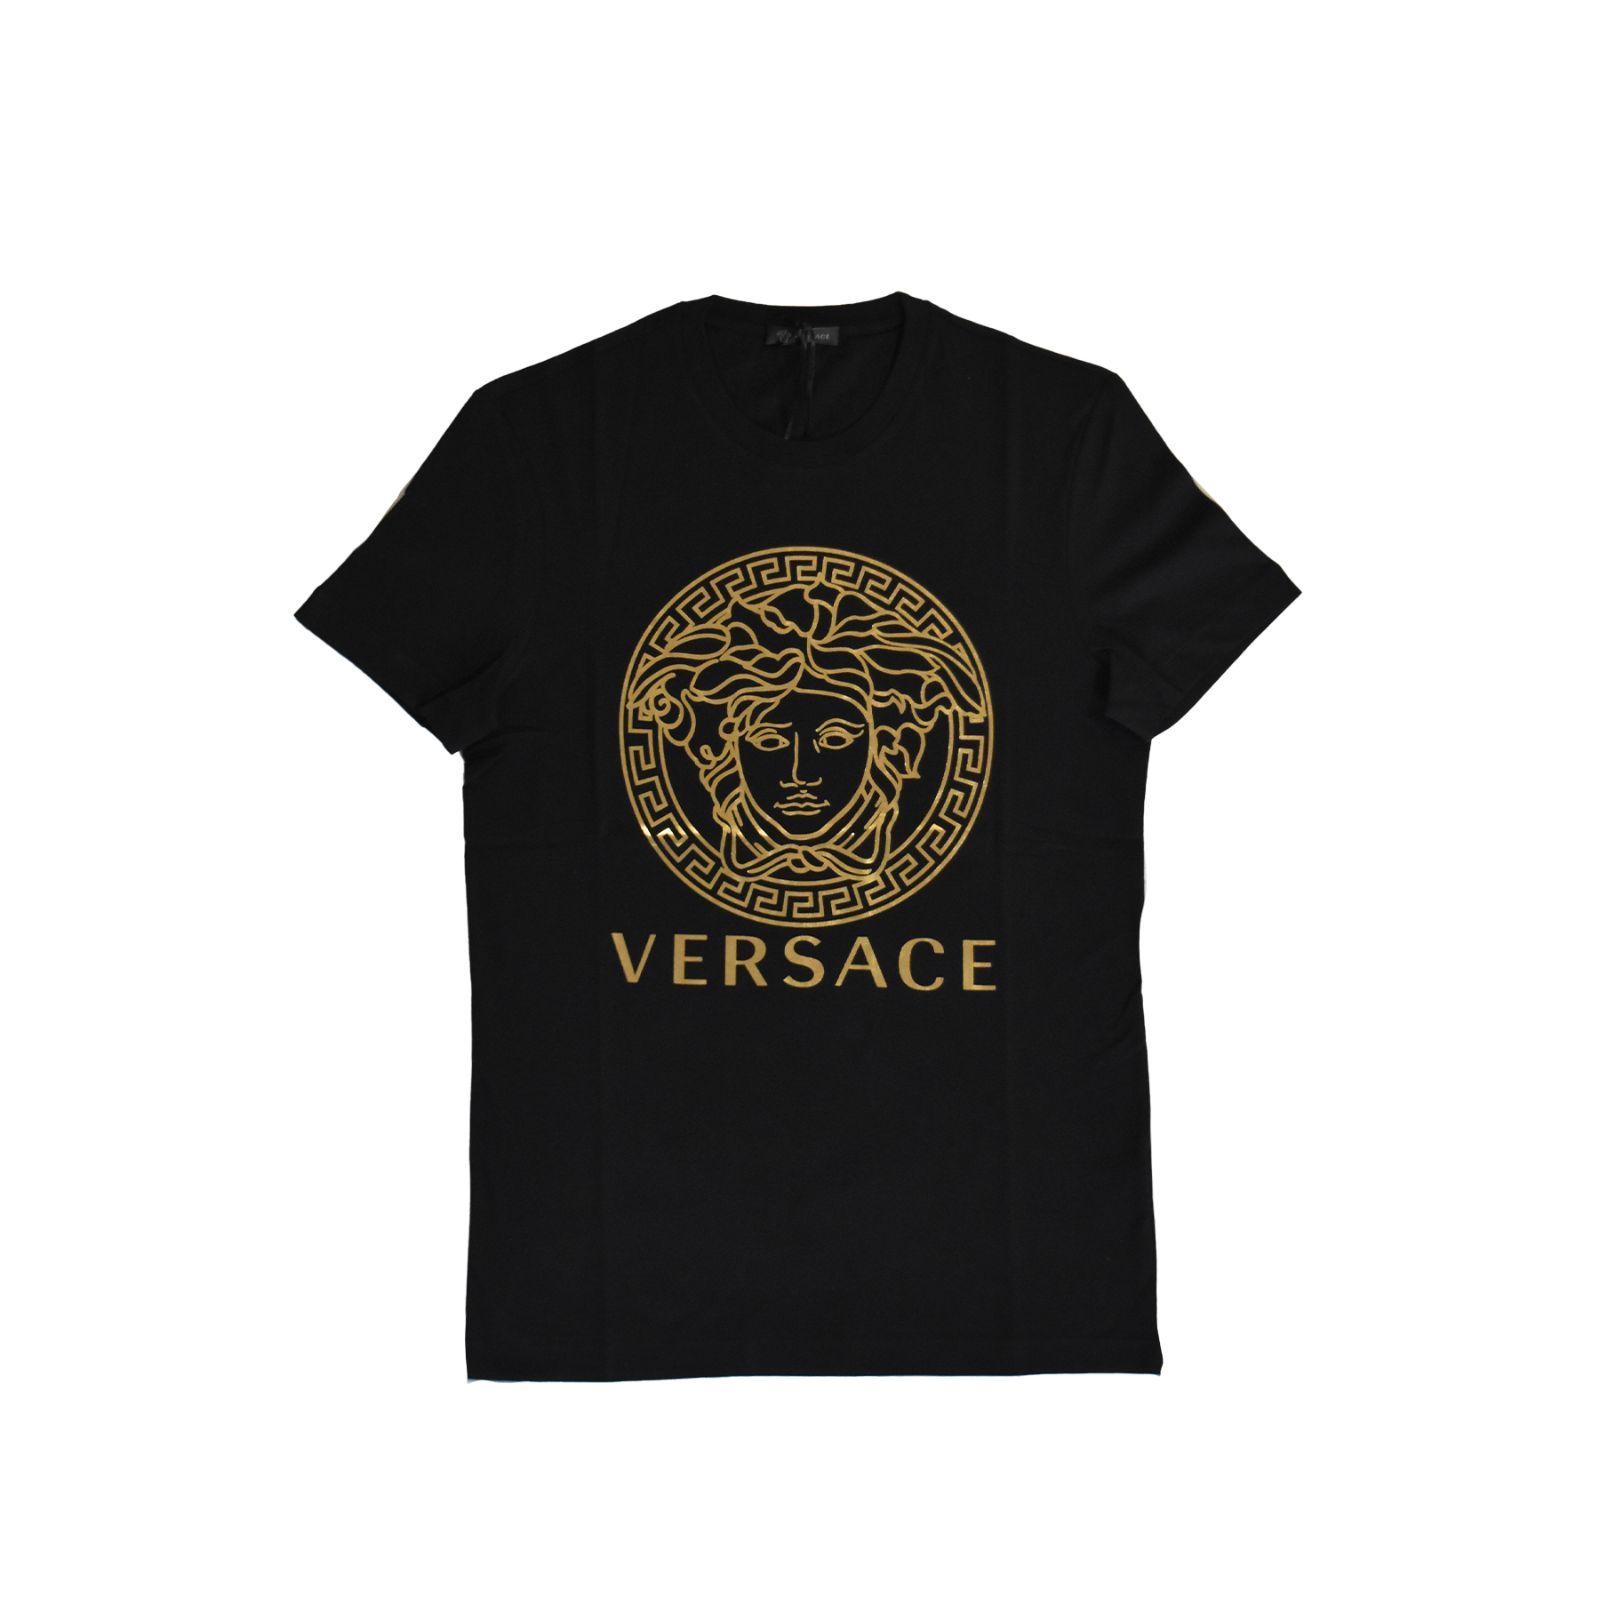 VERSACE フロントメデューサ Tシャツ 半袖 ヴェルサーチ 黒 新品/未使用 A89497S
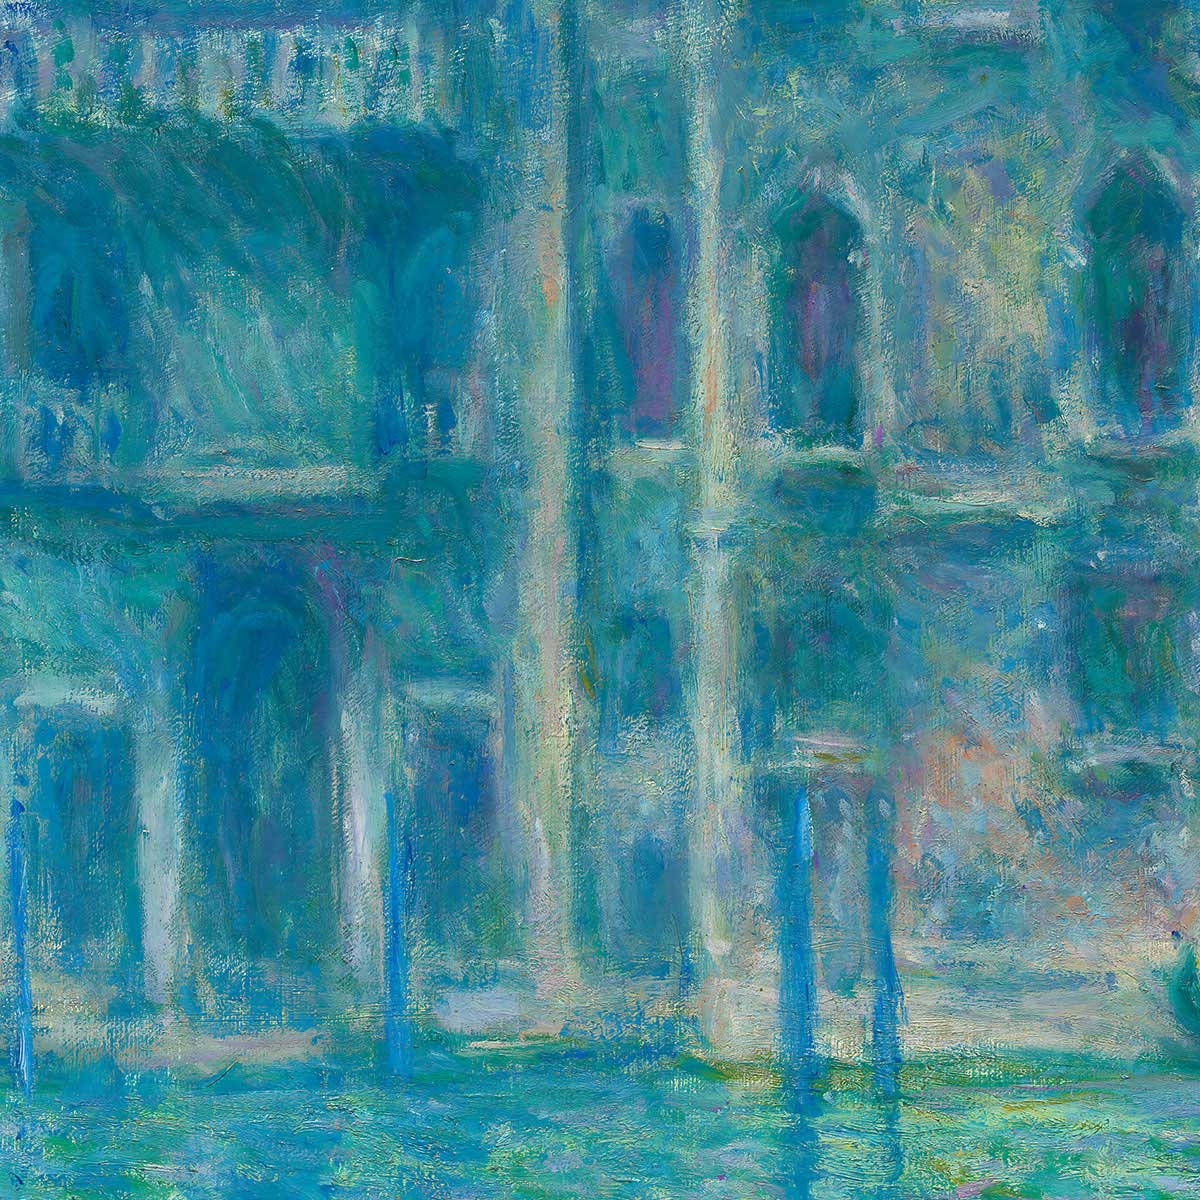 Palazzo da Mula, Venice by Claude Monet Art Exhibition Poster
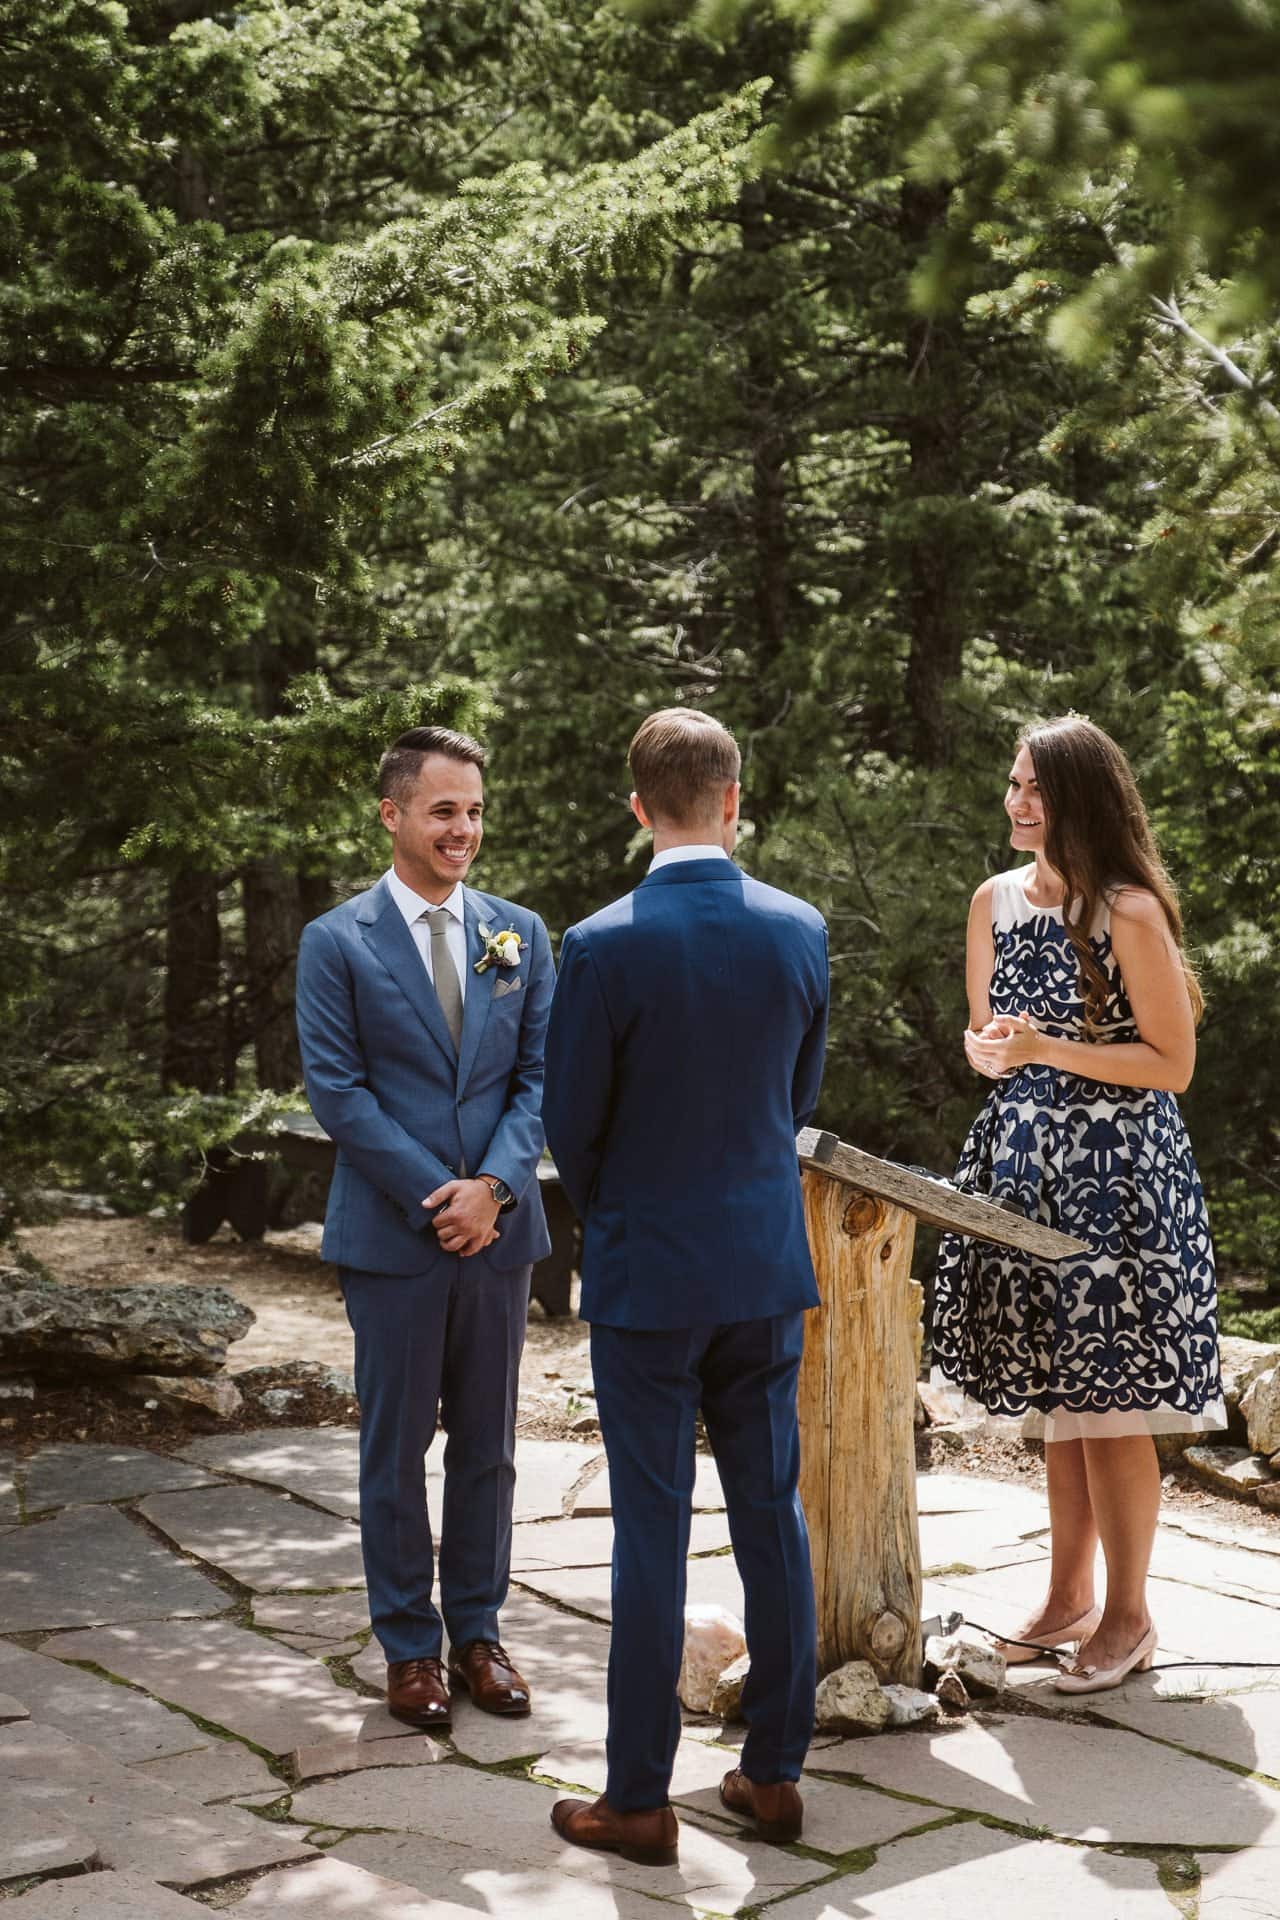 Wedding ceremony at Colorado Mountain Ranch outside Boulder, gay wedding in Colorado

[Task objective]: Pictures are skipped here. Print exactly, and only, the lines from the one holding "Palazzo da Mula, Venice" through the final line of the material above, both ends included.

[Written reply]:
 Palazzo da Mula, Venice by Claude Monet Art Exhibition Poster
 Wedding ceremony at Colorado Mountain Ranch outside Boulder, gay wedding in Colorado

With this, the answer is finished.